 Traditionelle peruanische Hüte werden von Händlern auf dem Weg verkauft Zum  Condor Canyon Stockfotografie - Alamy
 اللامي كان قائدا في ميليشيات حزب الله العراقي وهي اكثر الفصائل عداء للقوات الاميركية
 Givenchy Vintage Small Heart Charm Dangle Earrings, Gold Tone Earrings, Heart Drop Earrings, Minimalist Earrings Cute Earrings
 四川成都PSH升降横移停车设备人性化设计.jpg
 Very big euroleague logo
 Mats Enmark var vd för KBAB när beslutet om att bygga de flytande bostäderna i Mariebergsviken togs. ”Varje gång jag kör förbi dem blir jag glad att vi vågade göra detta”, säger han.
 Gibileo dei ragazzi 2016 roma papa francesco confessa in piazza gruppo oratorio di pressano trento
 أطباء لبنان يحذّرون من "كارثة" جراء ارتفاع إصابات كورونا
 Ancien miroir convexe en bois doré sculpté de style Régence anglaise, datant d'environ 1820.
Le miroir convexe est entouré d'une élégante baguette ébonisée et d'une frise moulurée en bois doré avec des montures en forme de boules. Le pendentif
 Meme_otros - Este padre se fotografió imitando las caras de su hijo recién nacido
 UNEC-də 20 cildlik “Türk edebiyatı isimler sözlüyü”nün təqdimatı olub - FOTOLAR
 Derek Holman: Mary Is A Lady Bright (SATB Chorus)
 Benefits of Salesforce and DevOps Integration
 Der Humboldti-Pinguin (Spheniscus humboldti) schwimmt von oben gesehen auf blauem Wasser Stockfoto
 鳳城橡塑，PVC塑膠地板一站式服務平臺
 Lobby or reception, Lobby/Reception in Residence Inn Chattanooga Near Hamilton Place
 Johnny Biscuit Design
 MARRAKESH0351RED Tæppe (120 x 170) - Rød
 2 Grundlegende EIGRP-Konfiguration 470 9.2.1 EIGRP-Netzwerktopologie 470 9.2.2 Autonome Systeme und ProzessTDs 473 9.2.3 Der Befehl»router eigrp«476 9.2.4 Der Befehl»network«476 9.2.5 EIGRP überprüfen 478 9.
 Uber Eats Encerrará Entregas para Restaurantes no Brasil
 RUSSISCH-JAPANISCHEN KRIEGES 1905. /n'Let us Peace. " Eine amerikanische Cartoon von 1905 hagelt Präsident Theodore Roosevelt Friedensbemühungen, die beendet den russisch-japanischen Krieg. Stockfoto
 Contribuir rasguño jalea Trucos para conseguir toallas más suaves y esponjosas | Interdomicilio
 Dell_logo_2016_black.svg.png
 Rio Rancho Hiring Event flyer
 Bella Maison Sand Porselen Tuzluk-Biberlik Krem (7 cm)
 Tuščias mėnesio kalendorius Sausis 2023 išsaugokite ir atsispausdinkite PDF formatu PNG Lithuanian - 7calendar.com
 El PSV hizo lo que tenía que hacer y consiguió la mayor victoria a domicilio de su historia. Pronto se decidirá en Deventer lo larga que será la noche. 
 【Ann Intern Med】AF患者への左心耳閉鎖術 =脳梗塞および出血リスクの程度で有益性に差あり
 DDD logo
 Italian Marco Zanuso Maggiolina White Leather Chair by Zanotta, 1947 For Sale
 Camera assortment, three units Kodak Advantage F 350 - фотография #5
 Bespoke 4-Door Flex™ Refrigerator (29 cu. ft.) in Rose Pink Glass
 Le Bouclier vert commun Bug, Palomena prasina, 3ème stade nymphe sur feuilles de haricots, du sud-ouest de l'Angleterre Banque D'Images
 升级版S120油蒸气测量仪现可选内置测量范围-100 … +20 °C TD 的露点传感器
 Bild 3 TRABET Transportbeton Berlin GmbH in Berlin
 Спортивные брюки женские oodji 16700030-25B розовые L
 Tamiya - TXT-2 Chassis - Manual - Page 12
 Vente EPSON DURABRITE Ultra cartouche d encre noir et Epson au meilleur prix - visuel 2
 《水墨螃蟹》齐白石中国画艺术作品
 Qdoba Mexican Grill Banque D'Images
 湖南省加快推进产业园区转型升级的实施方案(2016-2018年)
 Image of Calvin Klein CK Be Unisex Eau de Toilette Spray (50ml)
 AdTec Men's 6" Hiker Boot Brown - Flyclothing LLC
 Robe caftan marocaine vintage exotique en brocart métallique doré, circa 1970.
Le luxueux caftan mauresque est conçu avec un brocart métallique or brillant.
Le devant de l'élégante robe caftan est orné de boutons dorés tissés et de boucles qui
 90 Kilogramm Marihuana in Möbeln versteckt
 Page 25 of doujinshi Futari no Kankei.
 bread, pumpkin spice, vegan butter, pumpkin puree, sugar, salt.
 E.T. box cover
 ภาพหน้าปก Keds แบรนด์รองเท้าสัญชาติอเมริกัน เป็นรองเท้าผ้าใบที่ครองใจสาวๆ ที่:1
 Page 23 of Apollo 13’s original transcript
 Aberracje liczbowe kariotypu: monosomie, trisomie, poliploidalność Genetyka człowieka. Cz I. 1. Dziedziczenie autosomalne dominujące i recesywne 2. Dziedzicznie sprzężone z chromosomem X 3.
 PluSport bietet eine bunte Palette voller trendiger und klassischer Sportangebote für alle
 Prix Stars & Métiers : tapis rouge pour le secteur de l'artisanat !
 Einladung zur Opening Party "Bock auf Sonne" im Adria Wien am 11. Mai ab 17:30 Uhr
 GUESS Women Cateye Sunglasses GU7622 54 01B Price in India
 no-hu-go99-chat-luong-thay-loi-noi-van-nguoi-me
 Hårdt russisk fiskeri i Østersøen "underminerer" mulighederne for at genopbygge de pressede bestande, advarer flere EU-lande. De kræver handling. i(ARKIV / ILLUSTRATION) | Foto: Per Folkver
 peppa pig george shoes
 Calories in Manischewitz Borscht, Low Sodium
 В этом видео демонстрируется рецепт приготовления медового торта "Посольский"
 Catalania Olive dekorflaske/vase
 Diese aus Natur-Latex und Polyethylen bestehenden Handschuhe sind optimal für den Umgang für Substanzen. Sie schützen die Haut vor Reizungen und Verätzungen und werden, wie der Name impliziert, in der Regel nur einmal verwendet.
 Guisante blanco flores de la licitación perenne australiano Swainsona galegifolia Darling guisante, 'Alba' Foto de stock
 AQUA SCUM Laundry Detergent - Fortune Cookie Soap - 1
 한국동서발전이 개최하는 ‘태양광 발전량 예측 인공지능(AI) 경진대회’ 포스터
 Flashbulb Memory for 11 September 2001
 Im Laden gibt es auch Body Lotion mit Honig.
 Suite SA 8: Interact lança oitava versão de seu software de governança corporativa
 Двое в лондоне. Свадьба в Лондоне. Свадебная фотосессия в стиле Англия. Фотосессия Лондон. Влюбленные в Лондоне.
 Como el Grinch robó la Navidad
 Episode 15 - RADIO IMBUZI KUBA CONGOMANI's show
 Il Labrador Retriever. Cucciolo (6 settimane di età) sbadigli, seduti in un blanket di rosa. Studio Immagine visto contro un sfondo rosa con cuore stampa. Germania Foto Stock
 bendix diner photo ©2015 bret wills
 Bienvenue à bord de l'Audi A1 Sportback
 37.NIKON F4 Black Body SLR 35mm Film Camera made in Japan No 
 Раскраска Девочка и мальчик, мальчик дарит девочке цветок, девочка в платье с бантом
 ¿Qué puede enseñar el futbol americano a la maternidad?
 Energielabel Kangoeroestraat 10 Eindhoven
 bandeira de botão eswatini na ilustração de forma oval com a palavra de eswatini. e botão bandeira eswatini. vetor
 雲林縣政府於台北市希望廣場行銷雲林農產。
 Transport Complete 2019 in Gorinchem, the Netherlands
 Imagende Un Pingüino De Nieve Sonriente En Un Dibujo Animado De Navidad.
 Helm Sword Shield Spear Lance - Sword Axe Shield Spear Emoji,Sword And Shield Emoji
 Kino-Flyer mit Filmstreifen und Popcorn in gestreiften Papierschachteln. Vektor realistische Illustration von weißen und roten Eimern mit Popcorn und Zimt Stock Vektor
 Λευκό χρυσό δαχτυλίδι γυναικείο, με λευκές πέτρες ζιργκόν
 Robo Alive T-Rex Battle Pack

[WHAT IS BEING ASKED]:
From the first line of the listing above through the line that contains "Givenchy Vintage Small", set down each line without alteration, and nothing else.

[ANSWER TO THIS EXERCISE]:
 Traditionelle peruanische Hüte werden von Händlern auf dem Weg verkauft Zum  Condor Canyon Stockfotografie - Alamy
 اللامي كان قائدا في ميليشيات حزب الله العراقي وهي اكثر الفصائل عداء للقوات الاميركية
 Givenchy Vintage Small Heart Charm Dangle Earrings, Gold Tone Earrings, Heart Drop Earrings, Minimalist Earrings Cute Earrings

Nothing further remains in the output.